A Patch of Blue is a 1965 American drama film directed by Guy Green about the friendship between an educated black man (played by Sidney Poitier) and an illiterate, blind, white 18-year-old girl (played by Elizabeth Hartman in her film debut), and the problems that plague their friendship in a racially divided America. Made in 1965 against the backdrop of the growing civil rights movement, the film explores racism while playing on the idea that "love is blind."

Shelley Winters won the Academy Award for Best Supporting Actress, her second win for the award, following her victory in 1959 for The Diary of Anne Frank. It was the final screen appearance for veteran actor Wallace Ford.

Scenes of Poitier and Hartman kissing were cut from the film when it was shown in film theaters in the Southern United States. These scenes are intact in the DVD version. According to the DVD audio commentary, it was the decision of director Guy Green that A Patch of Blue be filmed in black and white although color was available.

The film was adapted by Guy Green from the 1961 book Be Ready with Bells and Drums by the Australian author Elizabeth Kata. The book later won a Writers Guild of America award. The book's plot has a slightly less optimistic ending than the film.

In addition to the Best Supporting Actress win for Winters, the film was nominated for Academy Awards for Best Actress in a Leading Role (Elizabeth Hartman), Best Art Direction-Set Decoration (Black-and-White) (George Davis, Urie McCleary, Henry Grace, Charles S. Thompson), Best Cinematography (Black-and-White) and Best Music (Original Music Score). Hartman, 22 at the time, was the youngest Best Actress nominee, a record she held for 10 years before 20-year-old Isabelle Adjani broke her record in 1975.

Plot 
Selina D'Arcey is a blind white girl living in a city apartment with her crude and vulgar mother Rose-Ann, who works as a prostitute, and her grandfather Ole Pa. She strings beads to supplement her family's small income and spends most of her time doing chores. Her mother is abusive, and Ole Pa is an alcoholic. Selina has no friends, rarely leaves the apartment, and has never received an education.

Selina convinces her grandfather to take her to the park, where she happens to meet Gordon Ralfe, an educated and soft-spoken black man working night shifts in an office. The two quickly become friends, meeting at the park almost every day. Gordon learns that she was blinded at the age of five when Rose-Ann threw chemicals on her while attempting to hit her husband and that she was raped by one of Rose-Ann's "boyfriends."

Rose-Ann's friend Sadie is also a prostitute, and while lamenting the loss of her youth, she realizes that Selina can be useful in their business. Subsequently, Rose-Ann and Sadie decide to leave Ole Pa, move with Selina into a better apartment, and force her into prostitution.
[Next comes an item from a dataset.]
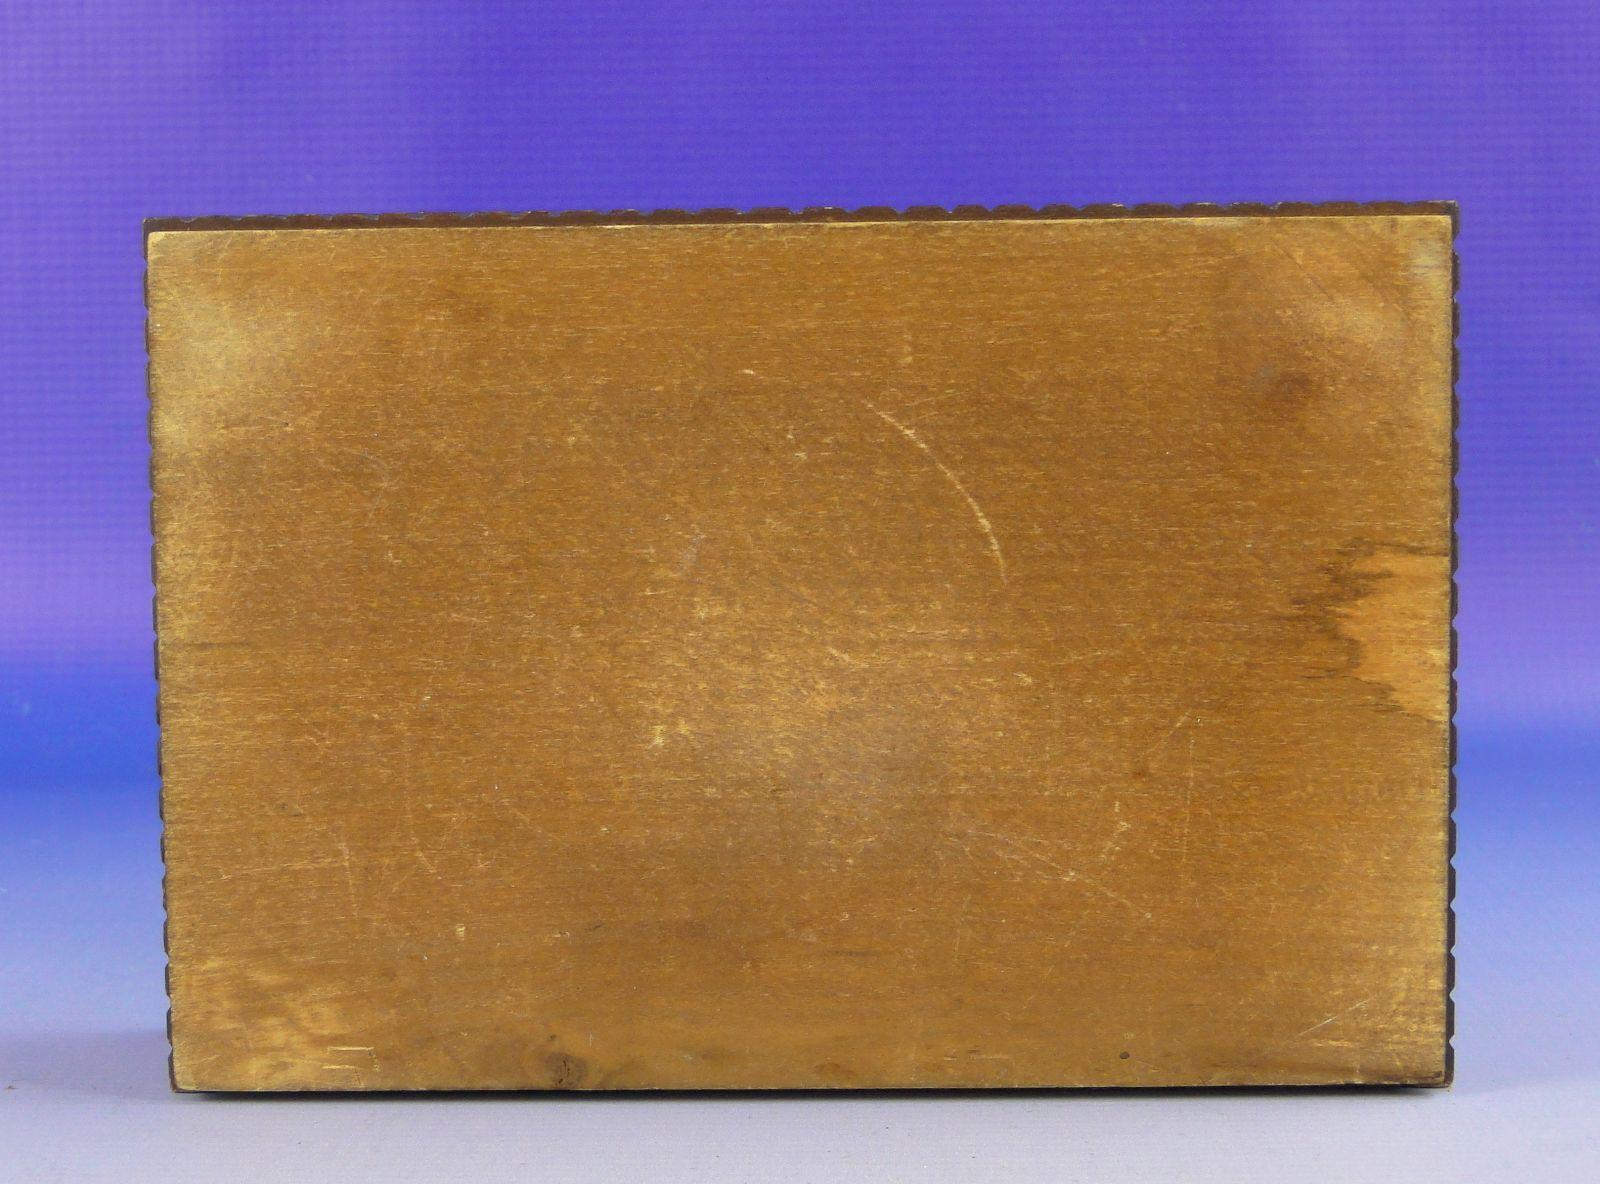 DSC09544.JPG (1600×1184)

In the meantime, Gordon has contacted a school for the blind, which is ready to take Selina. While Rose-Ann is out, Selina runs away to the park; and, with some difficulty, meets Gordon. She tells Gordon about Rose-Ann's plan, and he assures her that she will be leaving for school in a few days. Finding Selina missing from the apartment, Rose-Ann takes Ole Pa to the park and confronts Gordon. Despite Rose-Ann's resistance, Gordon manages to take Selina away when the crowd of white people looks at Rose-Ann's anger and hysterics towards Gordon with disdain and ignores her pleas to stop the Black man from walking away with her daughter. Ole Pa then stops Rose-Ann from chasing after them, telling her that Selina is not a child anymore.
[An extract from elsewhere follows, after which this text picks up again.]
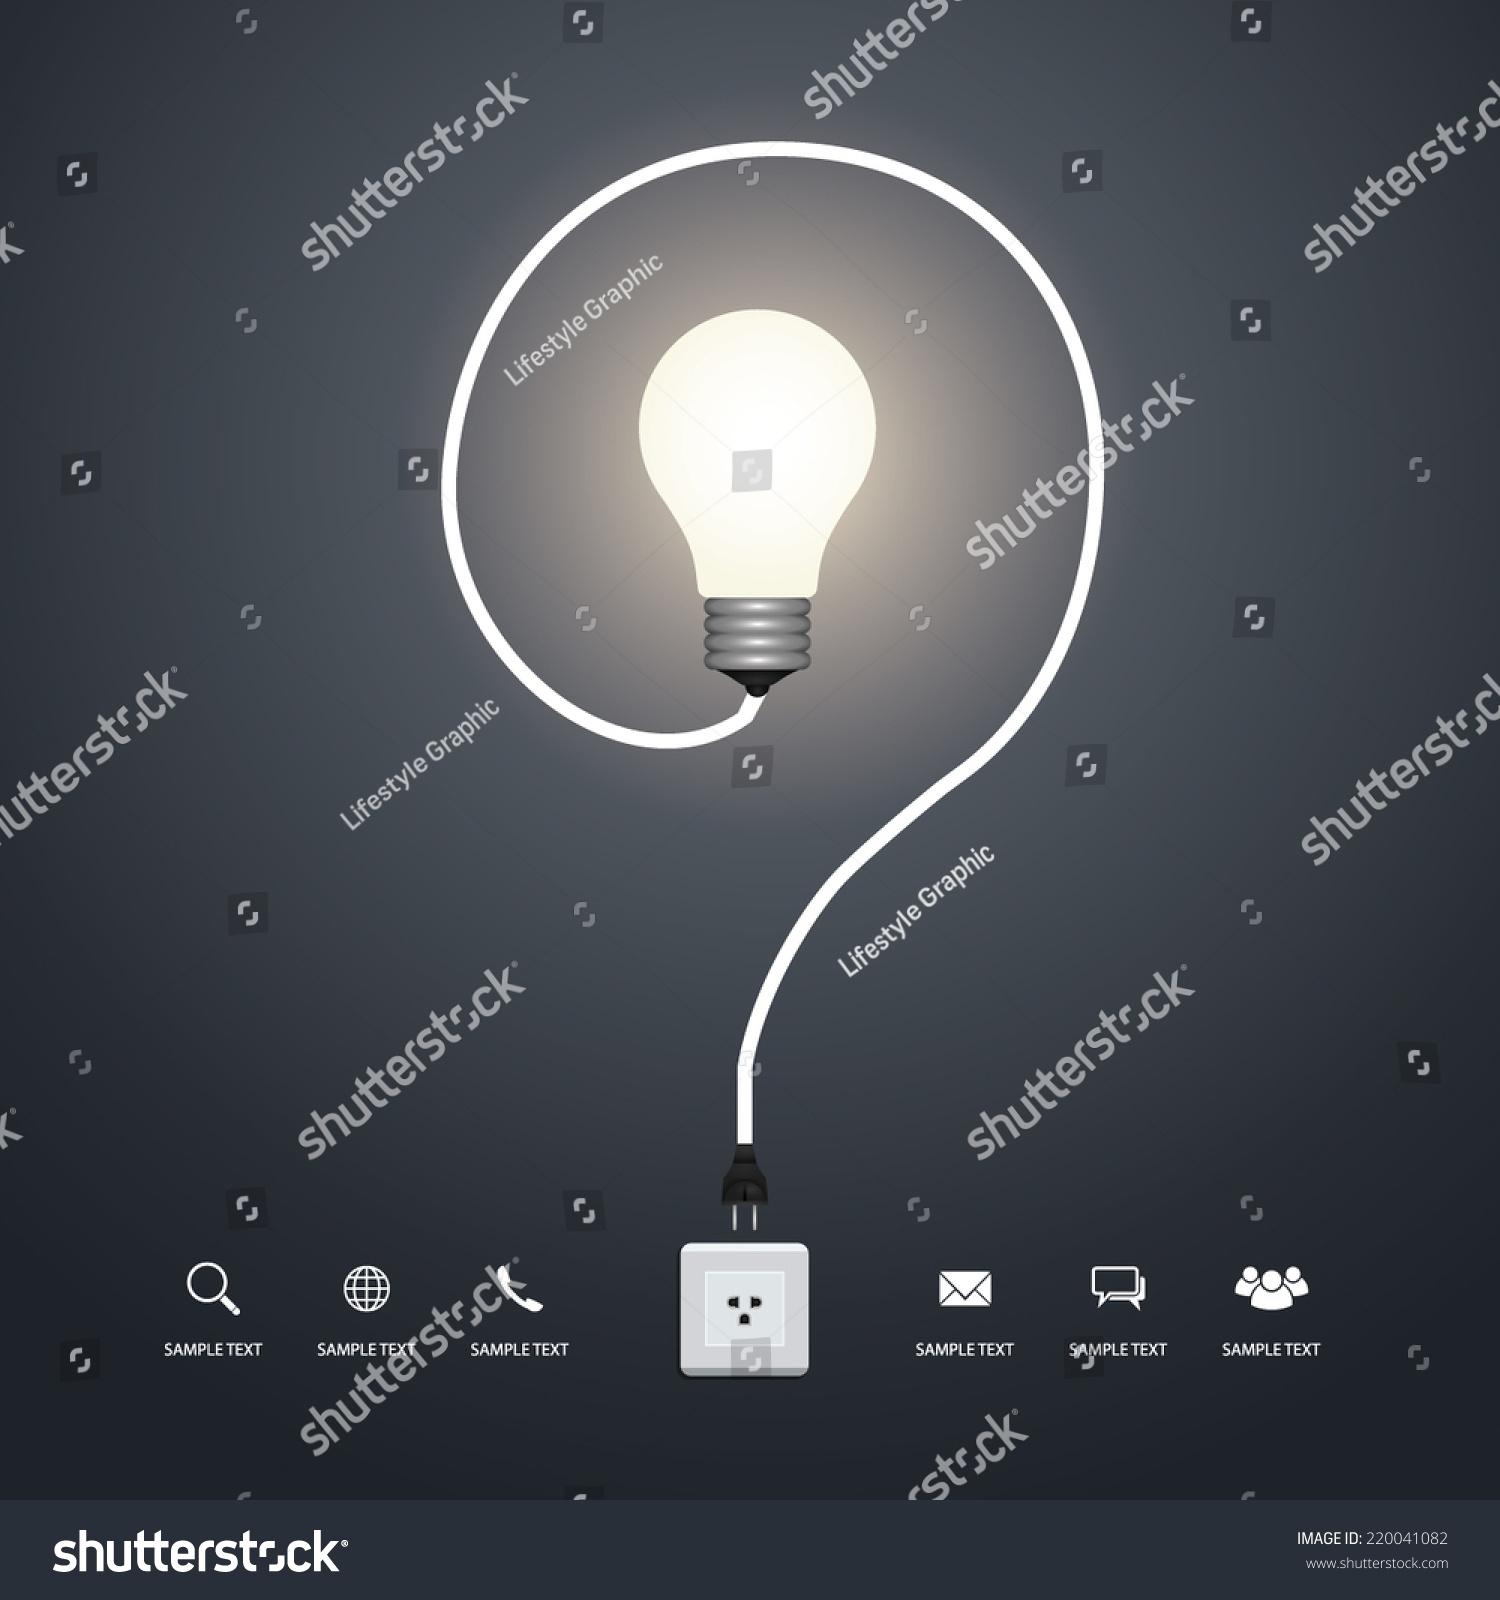 Question Mark Creative Light Bulb Vector Stock Vector HD (Royalty ...

At Gordon's house, Selina asks Gordon to marry her, to which Gordon replies that there are many types of love, and she later will realize that their relationship will not work. Selina tells him that she loves him, knows that he is Black, and his skin color doesn't matter to her. Gordon tells her she must meet more people and wait a year to find out whether their love is more than friendship. Then, a bus arrives to pick up Selina for her trip to the school; and both friends say goodbye. Gordon had given Selina a music box that belonged to his grandmother.  When she leaves it behind in the apartment, he runs after her to give it back, but just misses the bus and walks back upstairs to his apartment building.

Cast

Reception

Critical reception
A Patch of Blue has a 89% approval rating on Rotten Tomatoes, based on nine reviews.

Box-office
The film proved to be the most successful in Poitier's career, which proved a lucrative development considering he agreed to a salary cut in exchange for 10% of the film's gross earnings. In addition, the film made Poitier a major national film star with excellent business in even southern cities like Houston, Atlanta and Charlotte.

Awards and nominations

The film is recognized by American Film Institute in these lists:
 2002: AFI's 100 Years...100 Passions – Nominated
 2005: AFI's 100 Years of Film Scores – Nominated

Soundtrack
The soundtrack to A Patch of Blue was composed and conducted by Jerry Goldsmith.  It gained Goldsmith his second Academy Award nomination for Best Original Score following his score to Freud in 1962. It was one of the 250 nominated scores for the American Film Institute's top 25 American film scores. The score has been released three times on CD; in 1991 through Mainstream Records (with the score to David and Lisa by Mark Lawrence), in 1992 through Tsunami Records (with his score to Patton), and an extended version in 1997 through Intrada Records.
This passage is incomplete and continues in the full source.